Based on Bryan Stevenson’s 2014 memoir of the same name, the film describes the period in Stevenson’s life where, in 1989, the Harvard-educated attorney (played here by Michael B. Jordan), fresh out of law school, headed back down to Montgomery County, Alabama, in order to fight for the rights of condemned men, sentenced to death upon dubiously-argued and executed trials. It’s there that he forms a partnership with Eva Ansley (Brie Larson), a local woman dedicated to the cause as well, and despite opposition from members of the community, the two begin their work with the inmates, many of whom have no other representation. Some, like the bomb-maker and scarred vet Herbert Richardson (Rob Morgan), are guilty of their crimes; others, like Walter McMillan (Jamie Foxx), are innocent men that have been wrongfully imprisoned — it doesn’t matter. Stevenson and Ansley want to help.

Yet the young lawyer takes a special interest in McMillan, a quiet family man who was sentenced to death for the murder of a white woman, based on the questionable testimony of a white felon named Ralph Myers (a solid Tim Blake Nelson). Myers gave this testimony in exchange for leniency on a different crime he committed, and the D.A. (Rafe Spall) doesn’t give a damn if he’s got the wrong man in jail or not. Somebody was caught, somebody was convicted. The entire town sees no problem with this, despite having a literal museum devoted to Harper Lee’s To Kill a Mockingbird in it, and Stevenson faces a whole bunch of pushback from the townsfolk who just want him to leave it alone. He’s subjected to a number of cruelties, both large and small — he’s strip-searched when he wants to enter the prison, he’s harassed by the police — but he continues along in his quest to see McMillan freed. 

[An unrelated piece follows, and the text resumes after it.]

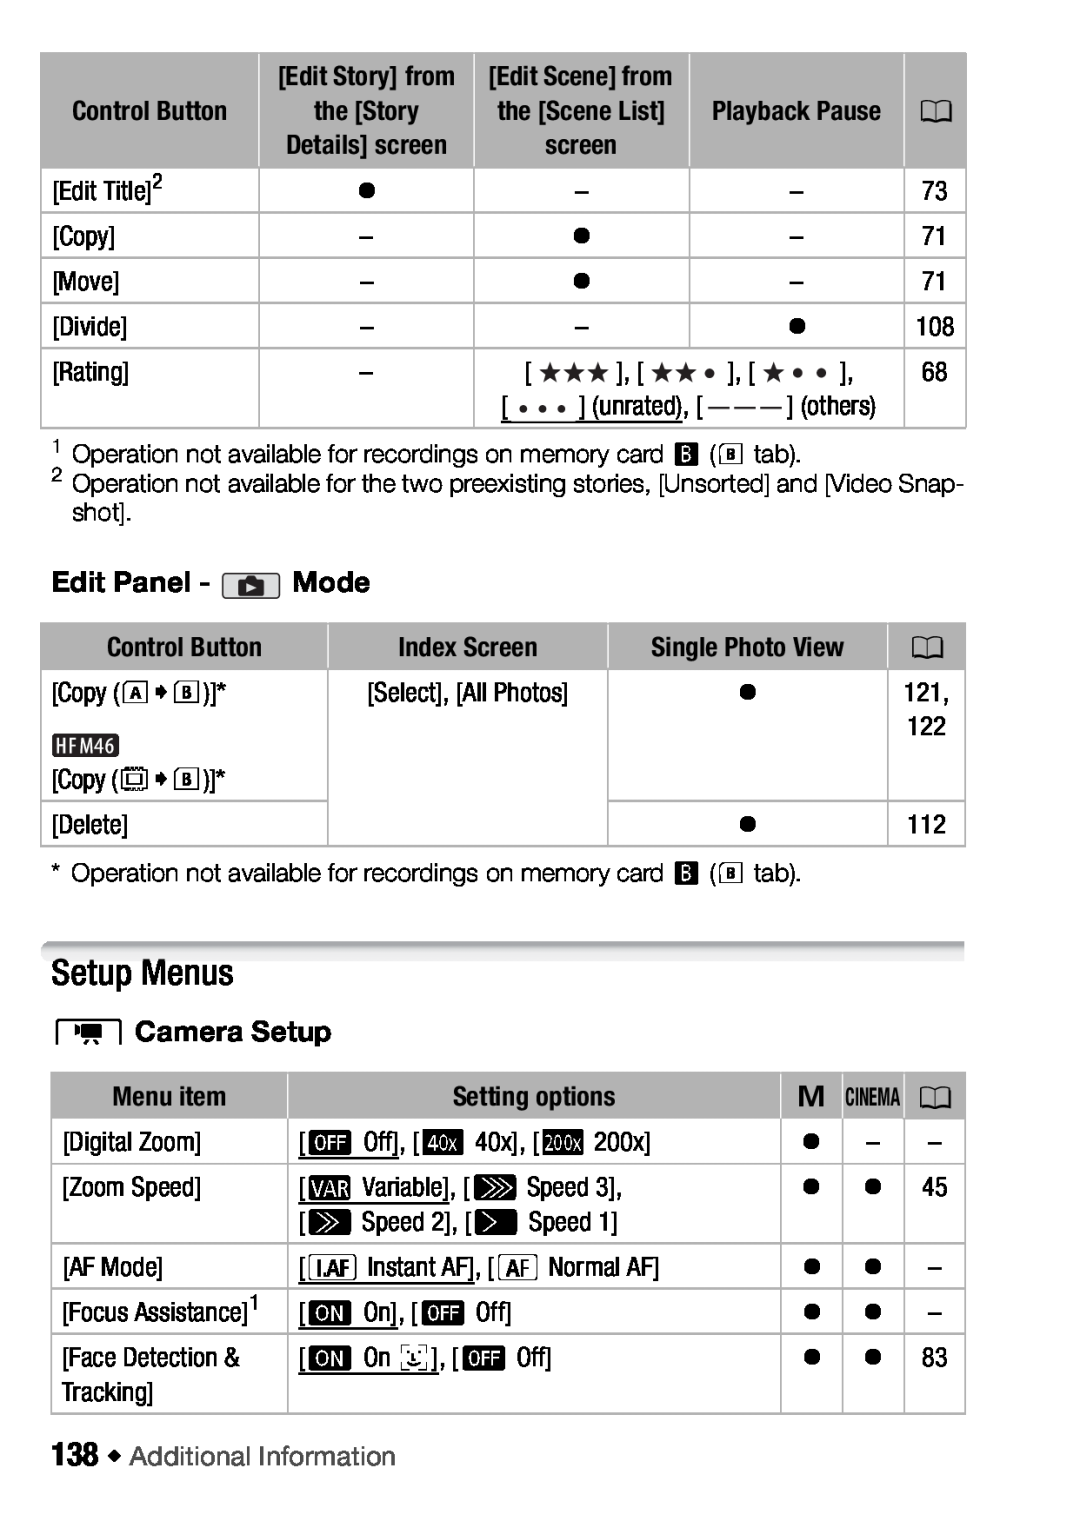 Canon HFM406 Setup Menus, 7Camera Setup, Edit Panel - Mode, Control Button, Index Screen, Single Photo View, Menu item

This would all make for an excellent movie if Cretton hadn’t decided to disappear into the goddamn bushes like that GIF of Homer Simpson, essentially letting the film direct itself. The cast is fine, sure, but Jordan’s playing himself, not really a character, and Foxx’s work is occasionally so understated that you forget that he’s a major character in the film. There’s very little that separates this visually or textually from every other movie of its ilk that came before, except for the explicit anti-death penalty messaging (which is appreciated very much). The look is plain, and it’s shot and edited like an episode of Law & Order. Beyond Spall and Larson’s attempts at accents, Alabama isn’t used to great effect (the ties between Mockingbird and this story being the most interesting thing about it), and when Jordan’s character talks about how this town could be like any other town in America, you very much believe it. But beyond all that, it’s just so empty of magic or pathos. Yes, it thrills when the court decision comes down and we find out McMillan’s fate: We have hearts. But it’s been roughly a day since I’ve seen the film, and I’m struggling to remember any standout moments beyond a few real missed opportunities that Cretton has throughout the 135-minute runtime.

Take, for instance, a scene where we follow a prisoner as he’s about to be executed — electrocuted, actually, given that Alabama was still using the electric chair back in the late ‘80s — and we witness his tragic march to his death, where, upon the moment where the switch is about to be thrown, his block mates bang their cups together against the bars of their cells in a last-minute show of solidarity. This is a beautiful moment, one that is worthy of the lump in your throat that you will get, but Cretton pulls his punch and cuts away to Jordan and the gallery’s faces at the moment of the man’s death. This is not a plea to make this any more shocking than it needs to be: in a movie about the horrible cruelty of the death penalty, you can’t do the Call Me By Your Name pan-away-from-the-naughty and still make your point as well as you could without inviting some criticism.

That’s the whole issue with Just Mercy: It is the kind of generic issue-driven legal drama that is terrified to get into the muck of reality, afraid to get mired in an argument about the “acceptability” of its message if its content were anything but middle-of-the-road. Short Term 12 didn’t do this: It presented the world as it was to those characters and didn’t obscure anything from you. And, as such, it makes you wonder where that filmmaker went.